I am technically not a single mom. I am married but raising my children alone. My "husband" works hundreds of miles away, his choice, hasnt been home in over a year and chooses to take another job FARTHER away and for another year and half. I live in our home and take care of the kids. Because he pays for the bills he thinks he is still is apart in our life. Mind you, he CHOOSES to take jobs farther away.

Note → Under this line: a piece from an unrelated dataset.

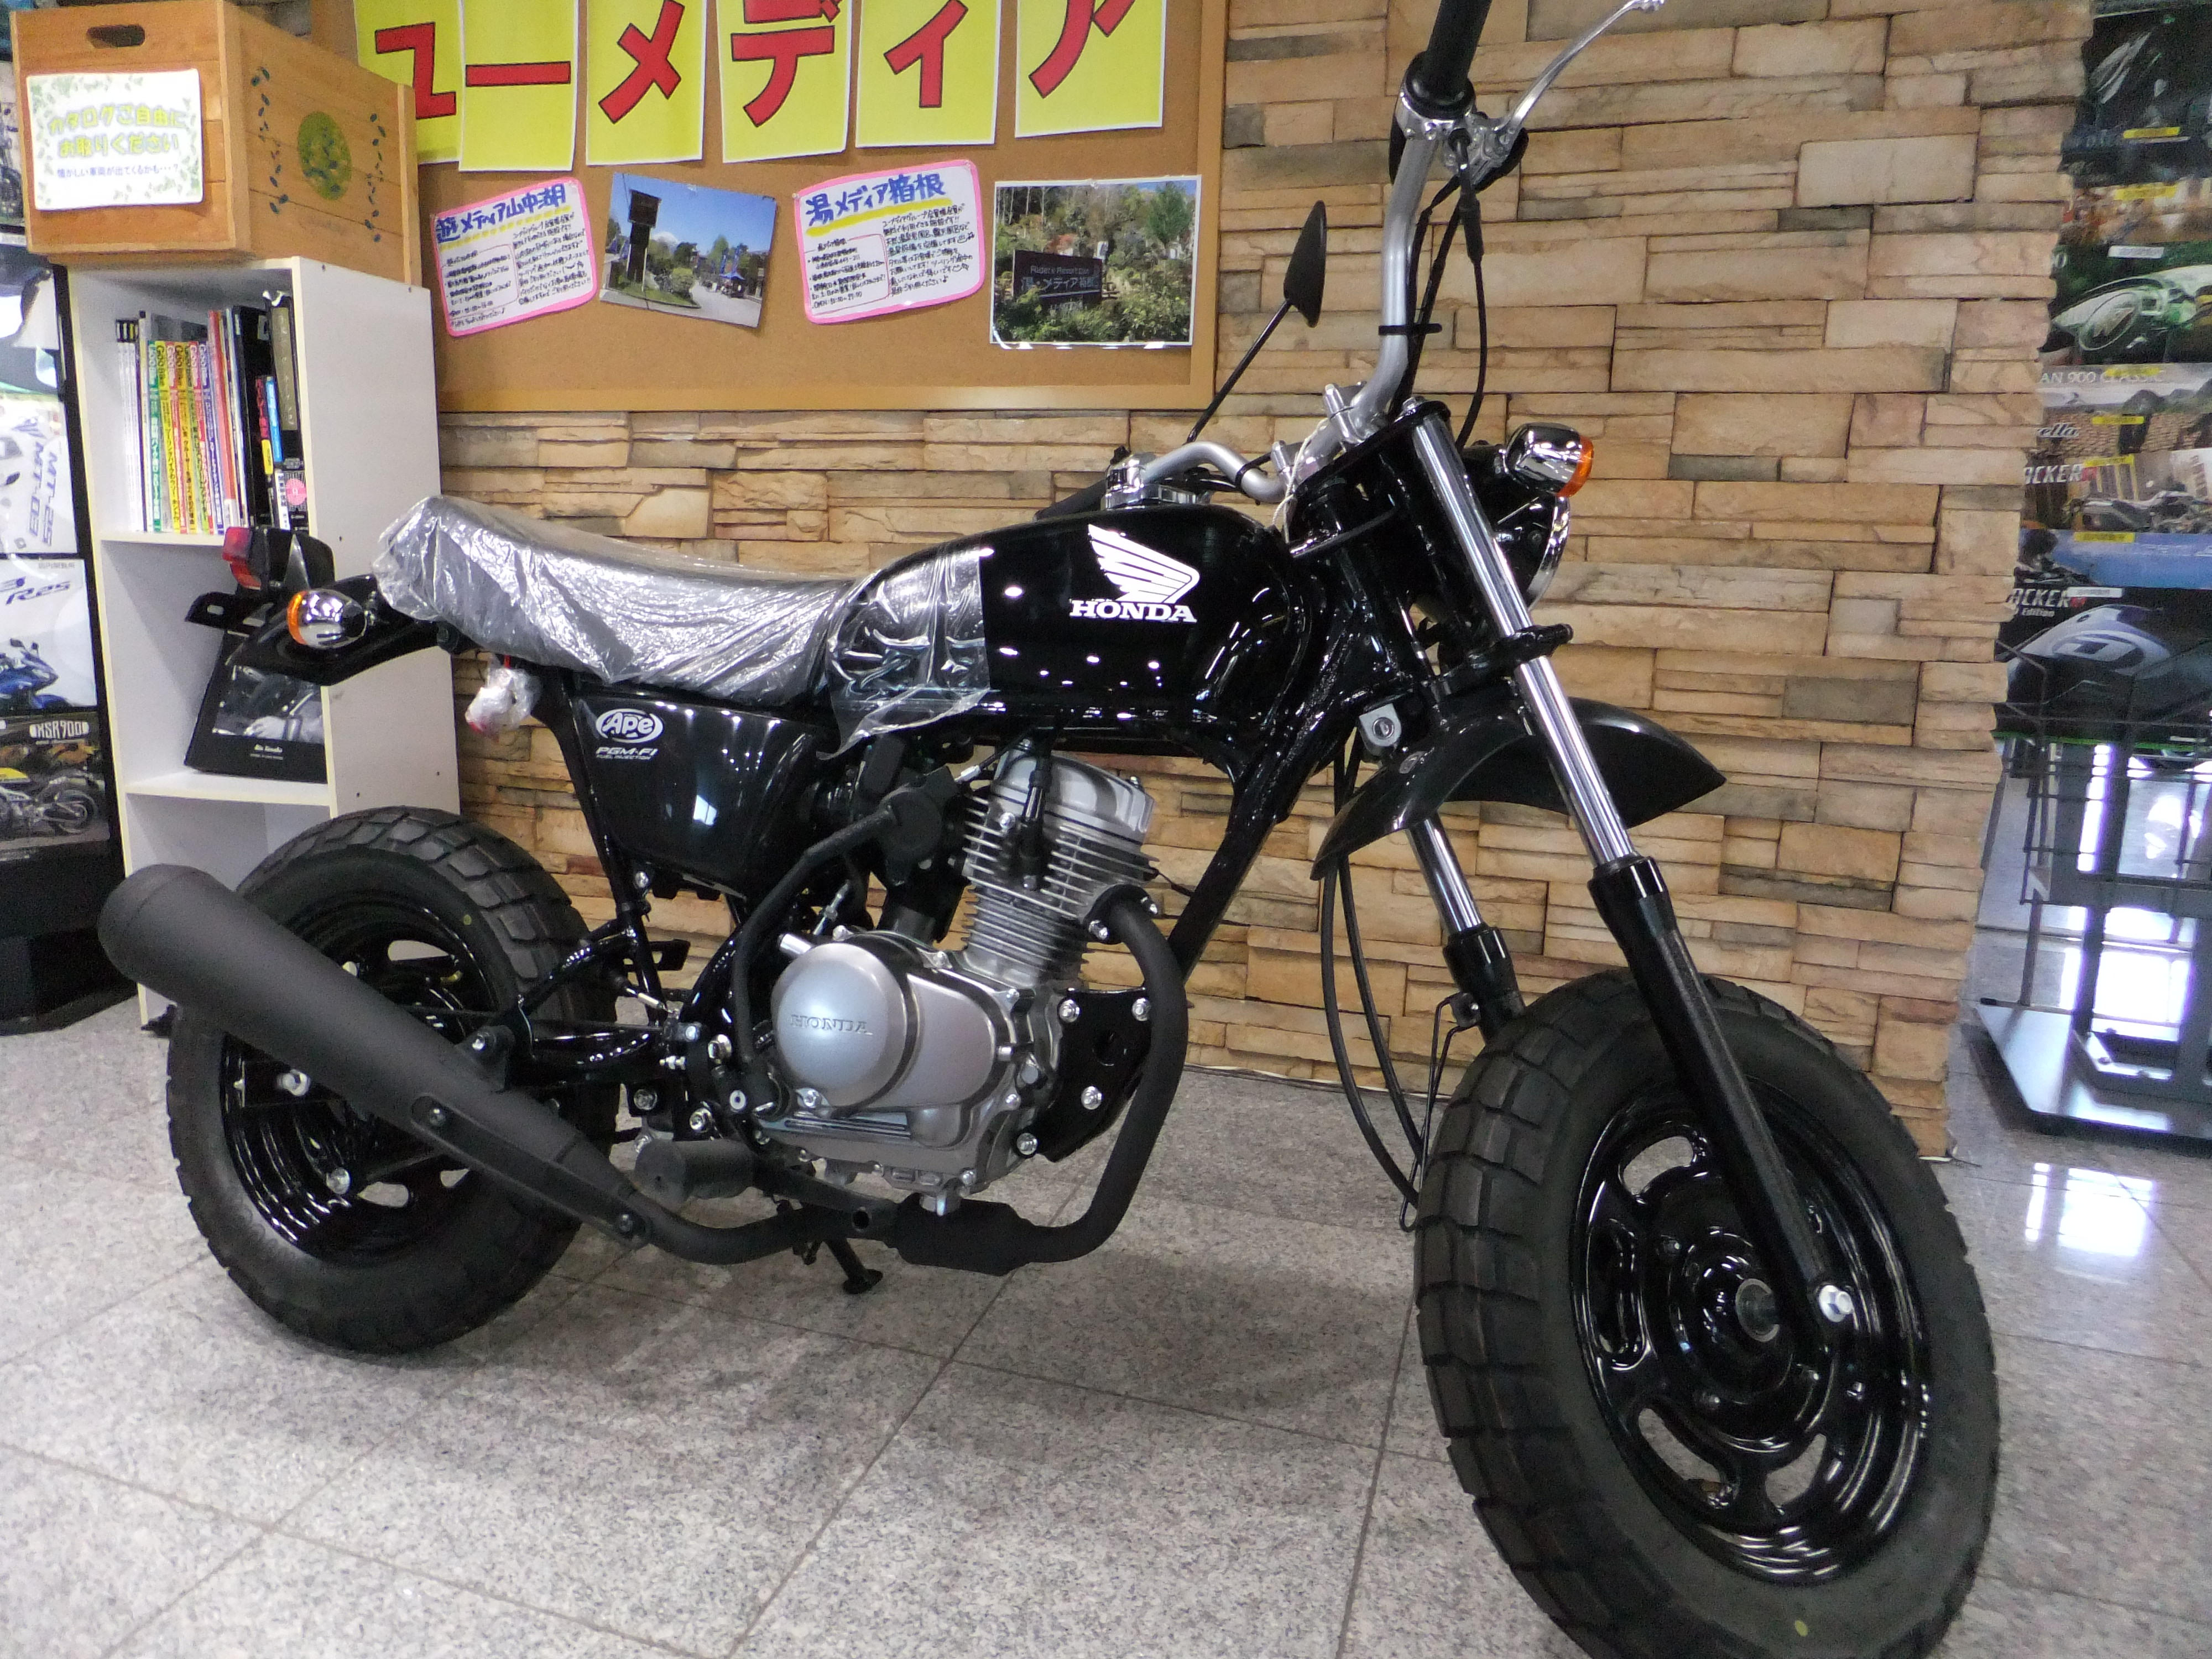 エイプ50 メーカー完売 お買い求めはお早目に 最新情報 U Media ユーメディア 中古バイク 新車バイク探しの決定版 神奈川 東京でバイク探すならユーメディア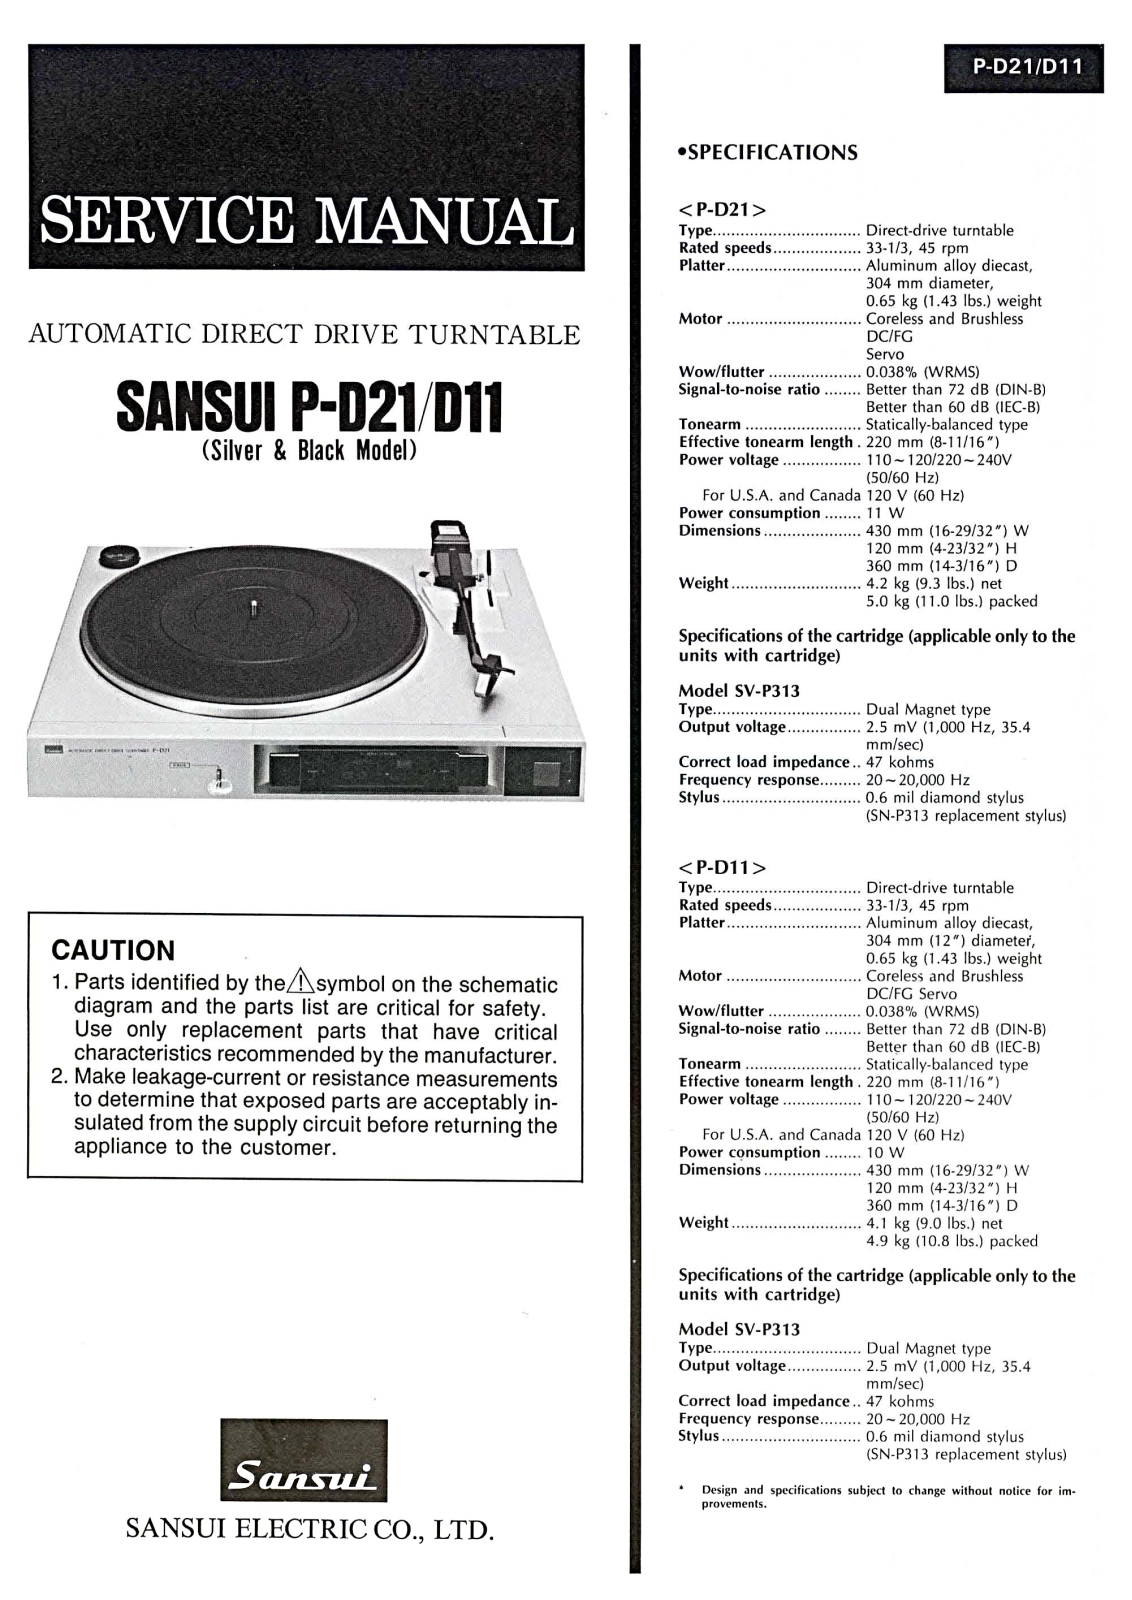 Sansui P-D21, P-D11 Service Manual

He has had many good job oppertunities close to home, but it just never works out. He says. Now he wants to go to Canada. There will be reception or internet connection. Sooooo..... IDK whats going to happen. He is just so selfish. 

twade26
by on Feb. 16, 2013 at 12:51 PM

My daughters father and I were together for a little over a year. We had never had any issues and were talking about getting married and starting a family. That was until I got pregnant and then he grew really distant. I ended up moving three hours away to live with my mom because I went on bedrest. He stopped returning my calls and when I finally got ahold of him he said that he did not want to be a father again (he has 2 children, one he has custody of and one that he has visitation). I explained that it was a little too late for that and he told me that he would still be apart of our daughters life. Then I didn't hear from him for the next 6 months. He wouldn't come to the hospital when she was born. Never paid for anything and that was three years ago. He hasn't called, written, emailed or even asked if she was okay. He refuses to have anything to do with my daughter. His loss because she is the most beautiful, happy, wonderful little girl that anyone could ask for. He refuses to sigh away his parental rights. WIth my son his father and I just grew apart and couldn't get along but he is a wonderful dad and we actually get along great now that we are not toghter. We have a great relationship and successfully co parent our 6 year old.

twade26
by on Feb. 16, 2013 at 12:52 PM

He is selfish and you are a great mom and wife to do it all by yourself. His loss because he is the one missing out on his children growing up. I hope they don't grow up and resent him for not being in their lives much. I hope everything works out and he gets it together for your sake. 


Quoting raschwittay:

I am technically not a single mom. I am married but raising my children alone. My "husband" works hundreds of miles away, his choice, hasnt been home in over a year and chooses to take another job FARTHER away and for another year and half. I live in our home and take care of the kids. Because he pays for the bills he thinks he is still is apart in our life. Mind you, he CHOOSES to take jobs farther away.

 

He has had many good job oppertunities close to home, but it just never works out. He says. Now he wants to go to Canada. There will be reception or internet connection. Sooooo..... IDK whats going to happen. He is just so selfish. 


 

aviatioNation
by on Feb. 16, 2013 at 12:55 PM
1 mom liked this

Ex told me a I had to have an abortion, I refused, we broke up.

EJs_Mama2k10
by on Feb. 16, 2013 at 2:12 PM
What do you mean by choice? Did you adopt? Use donor?


Quoting Zee26:

I am single mother by choice.  Any single mothers by choice here?